How John Carpenter struggled with early comparisons to Alfred Hitchcock: “Oh dear, I can’t live up to that”

Almost every filmmaker dreams of being spoken of in the same breath as Alfred Hitchcock because he’s one of the all-time greats. However, direct comparisons can be a much trickier thing to navigate, which stirred up an early existential crisis in John Carpenter.

As the architect behind many of cinema’s finest thrillers, nobody knew how to manipulate an audience quite like the ‘Master of Suspense’. In all of his best movies, he’s got the viewers wrapped around his thumb, lulling them into a false sense of security before pulling the rug from right underneath them, sometimes doing it more than once over the course of a single picture.

There’s a reason why Hitchcockian has been part of the lexicon for so long, and while there’s never been anyone to emulate a true original, Carpenter burst onto the scene and quickly found that albatross hanging around his neck. He didn’t ask for it, but once some things are spoken aloud, they can never be unsaid.

Comedic sci-fi Dark Star and action thriller Assault on Precinct 13 didn’t immediately evoke Hitchcock comparisons, but Halloween did. It was intense and atmospheric, punctuated by jarring musical cues and shocking imagery, and anchored by a female lead pitted against an opposing force she’s ill-equipped to handle. Superficial it may have been, but unnoticed it was not.

Matters weren’t helped by Hitchcock’s direct influence on Carpenter when he was crafting Halloween, never mind Psycho star Janet Leigh’s daughter Jamie Lee Curtis taking centre stage. He didn’t bring it upon himself, but it nonetheless created mixed emotions for the filmmaker when he was still in the formative stages of his career.

“Well, it was nice,” he admitted to Roel Haanen.”But then they started awaiting the new Hitchcock movie, and that’s not what I wanted to do.
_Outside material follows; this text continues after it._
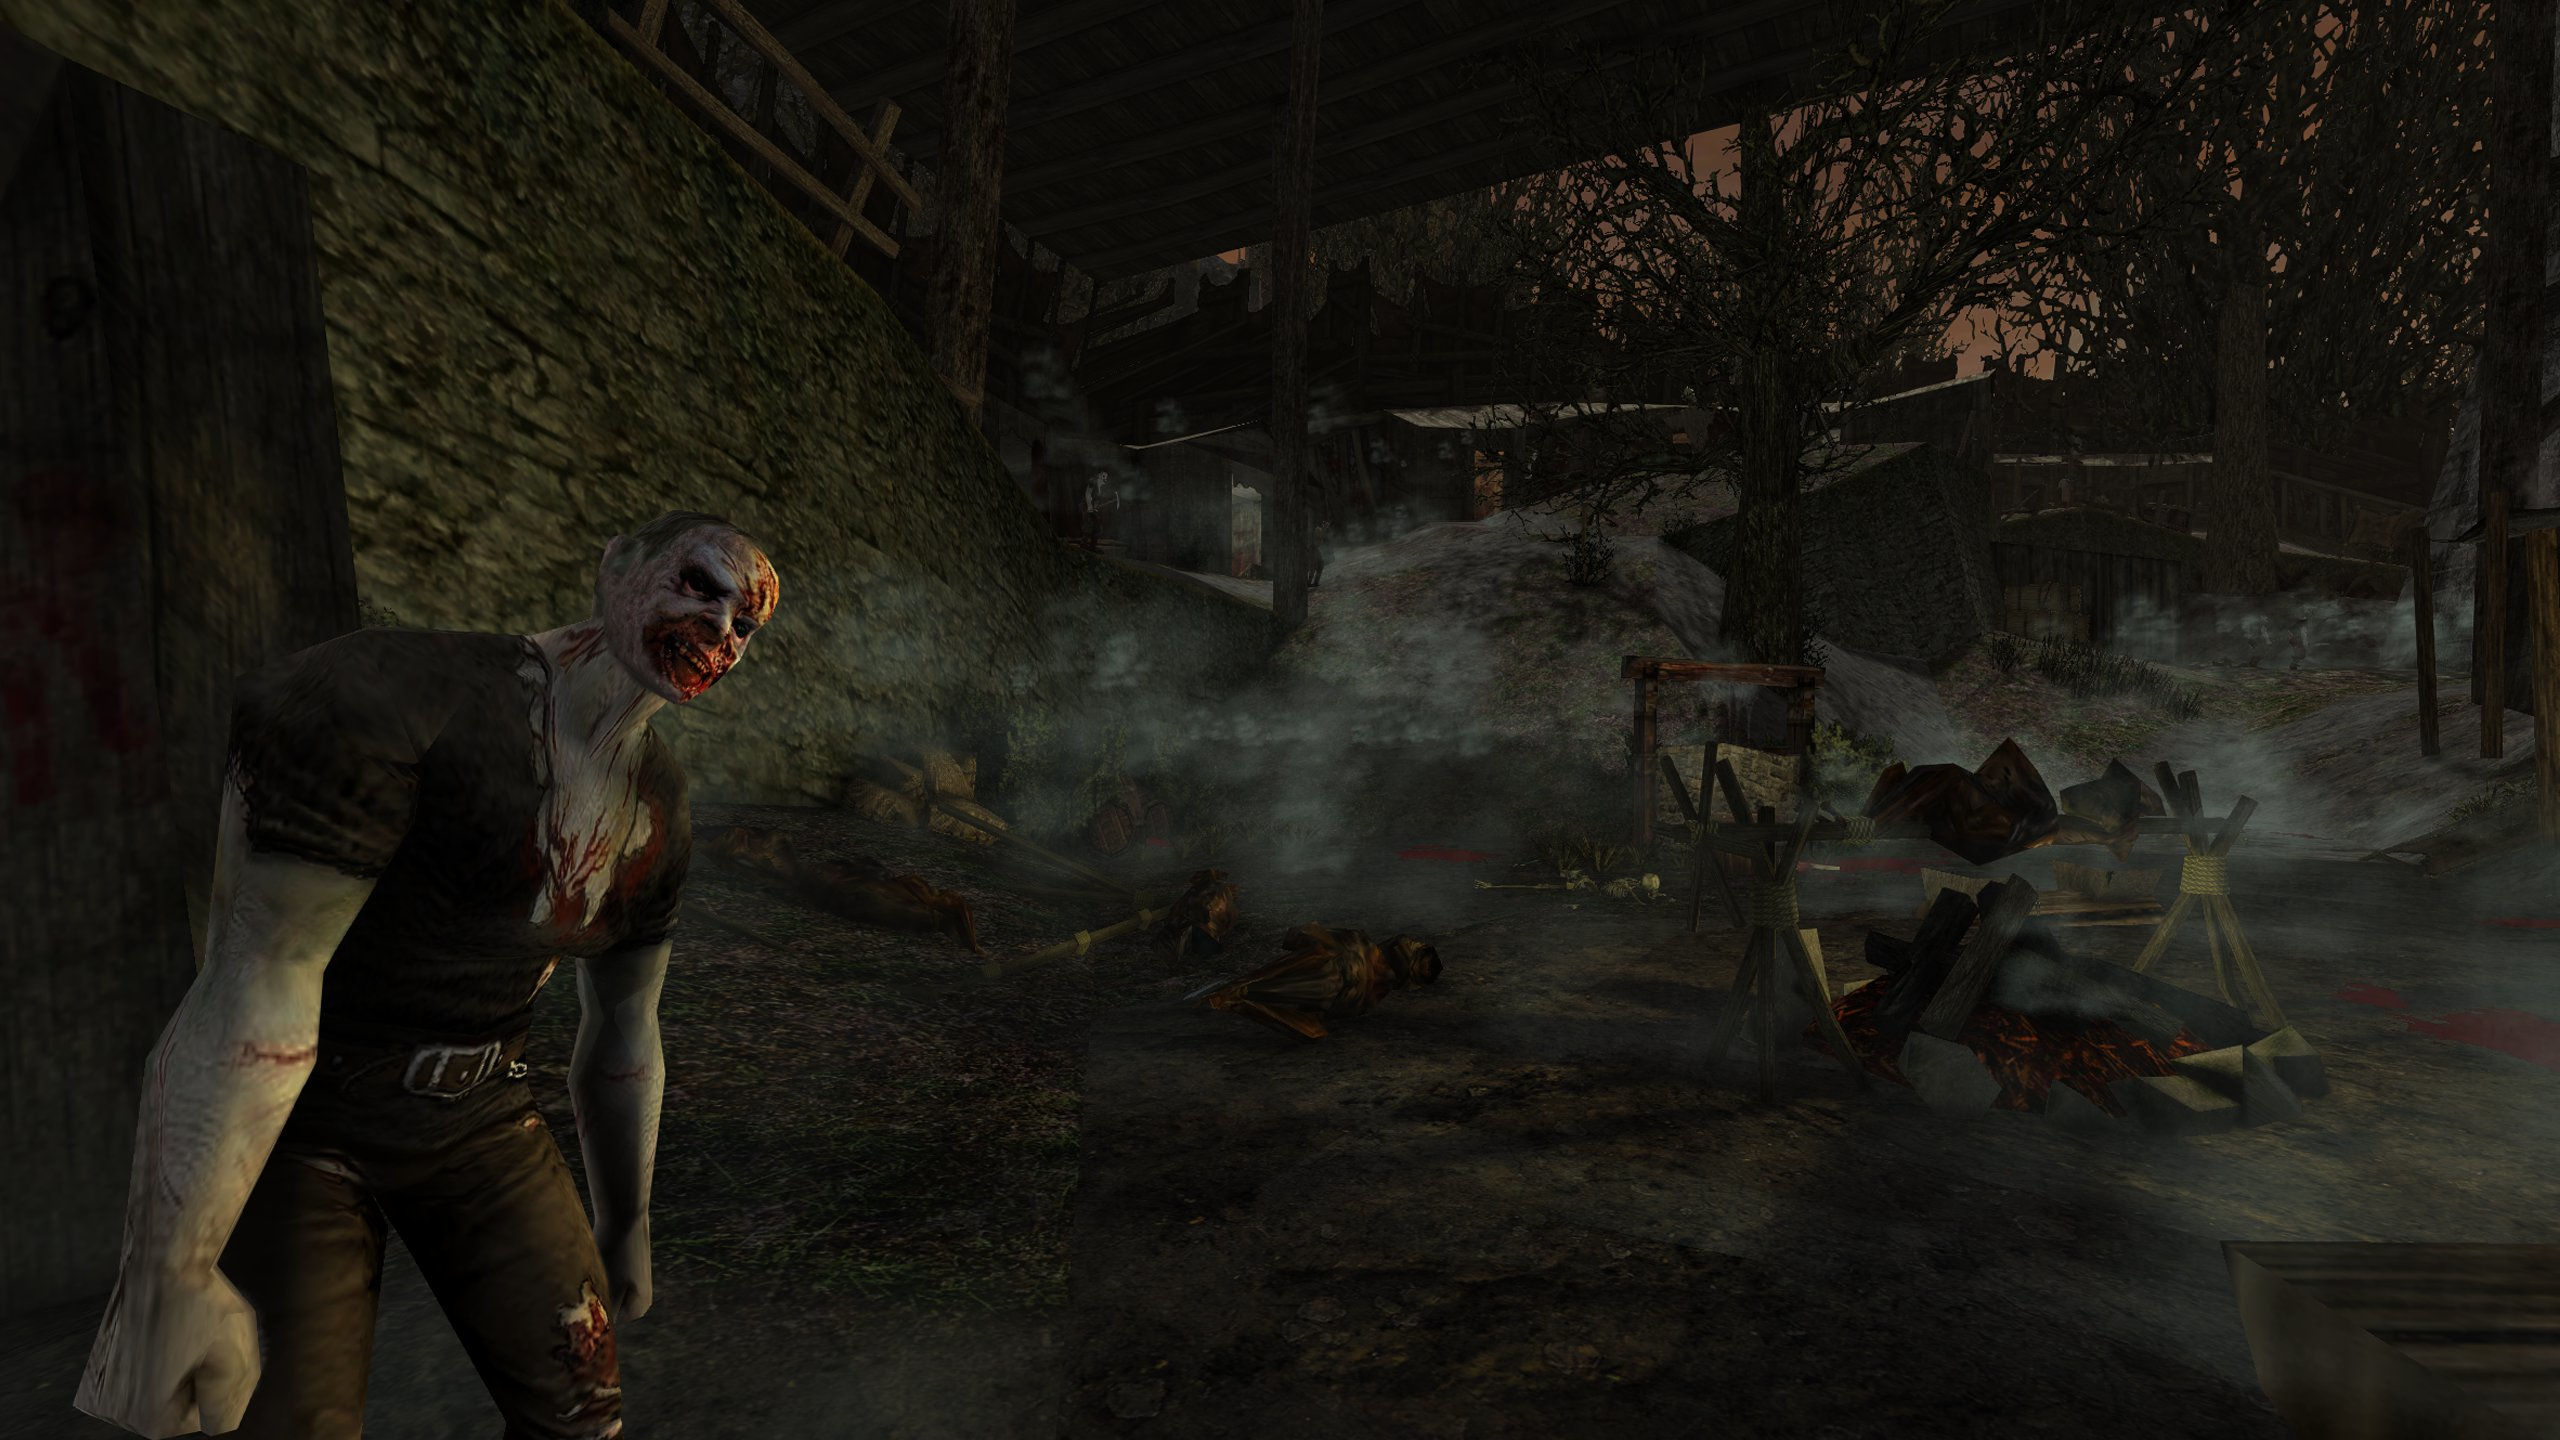 Screenshot aus der Gothic 1 Mod Dolina Zombie. Zu sehen ist das Alte Lager, welches in Trümmern liegt. Durch die Überreste des Alten Lagers streifen Zombies umher.

I was not Hitchcock. I was a student of his work in cinema, but I was already a very different director. So it was a mixed bag. Of course, it’s wonderful to be compared to a director, but it also comes with a little bit of expectation. And you think, ‘Oh dear, I can’t live up to that.'”

It quickly became clear through Halloween follow-ups The Fog, Escape from New York, and The Thing that Carpenter had no intention of trying to be Hitchcock. Instead, he was carving out a reputation for himself as one of genre cinema’s most reliably accomplished purveyors. Horror, fantasy, and sci-fi were his preferred avenues, with straightforward thrillers in a vein similar to the ‘Master of Suspense’ not even entering his mind.

Sometimes, the best way to avoid being compared to one thing is to do the exact opposite, an approach that served Carpenter very well as he became one of genre cinema’s most popular auteurs.